I have to go now. I might come back later to talk about the LTV some more.

It takes a lot of labor and time to repeatedly push a rock up a hill only to have it roll back down again. This is not valuable labor.

Going to have to disagree with that as well. The cost to produce is determined by the labor, but not it's value. I'll use an example from an old job, meat manufacturing industrial engineer position.

A product line for a 1 lb pack requires 6 people on the line (cutting, weighing/sorting, packaging, inspecting, boxing and palletizing), that's labor hours. Take the labor hours of a shift of all employees and output (8x6=48hrs; 48/(# of packages)=48/5760=0.00833 labor hrs/pkg at an hourly rate of $16/hr) gives $0.133 per product.

Machine burden works the same way over the usable life of the machine (20.6 million approximately, line machine cost being approx. $3 million) gives $0.146/pkg, total then being $0.279/pkg for line cost. I could factor in materials, management and marketing overhead, but you get the idea.

All of that merely gives a cost to production. It does not by any means affect the market's value, which has actually resulted in losses where product availability was beneficial to a consumer/buyer perspective and they were willing to buy at the shelf price, normally set at 3-4% over the total of labor, overhead, machine, building, and sales costs.

That 3% is what we can get away with because that's (most times) a reasonable enough price to a buyer. The person who is going through a transaction does not have any knowledge of our cost structure and thus won't be affected by our cost to produce.

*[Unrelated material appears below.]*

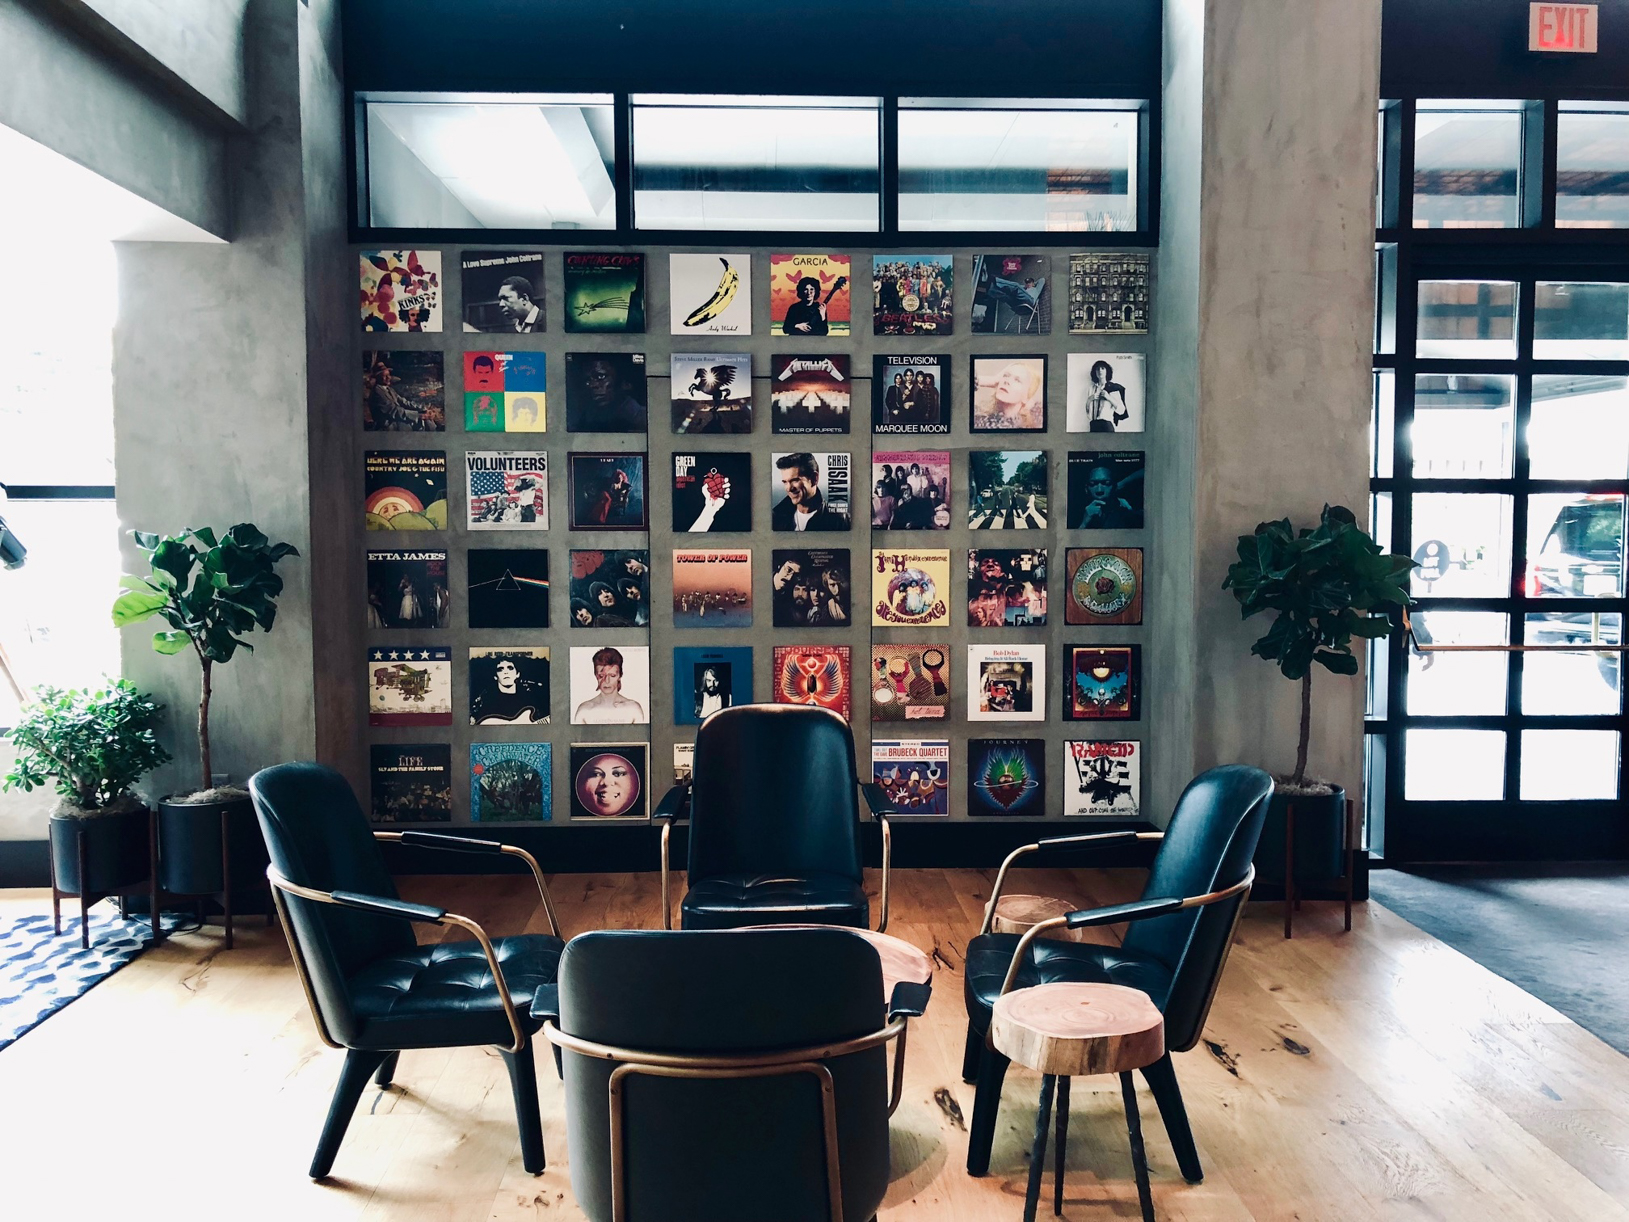 Hotel Kabuki A wall of record covers reverberates the vibe of the music-infused property.

stop people from wanting and needing things and make sure you can control them well enough

I fail to see the distinction between use value and exchange value. Surely I exchange something for its uses.

Exchange is what you can get on the market. You want gold mainly because you can exchange it for useful things. Use value is how useful something is. Its subjective. Exchange value is the proportion of which commoditys exchange with each other.

>If you have a food shortage more labor is required to create food.
Spending 10 contiguous hours tending to crops won't produce the same yields as 1 hour per day for 10 contiguous days.

users.wfu.edu/cottrell/eea97.pdf
read this. Labor time and price are correlated.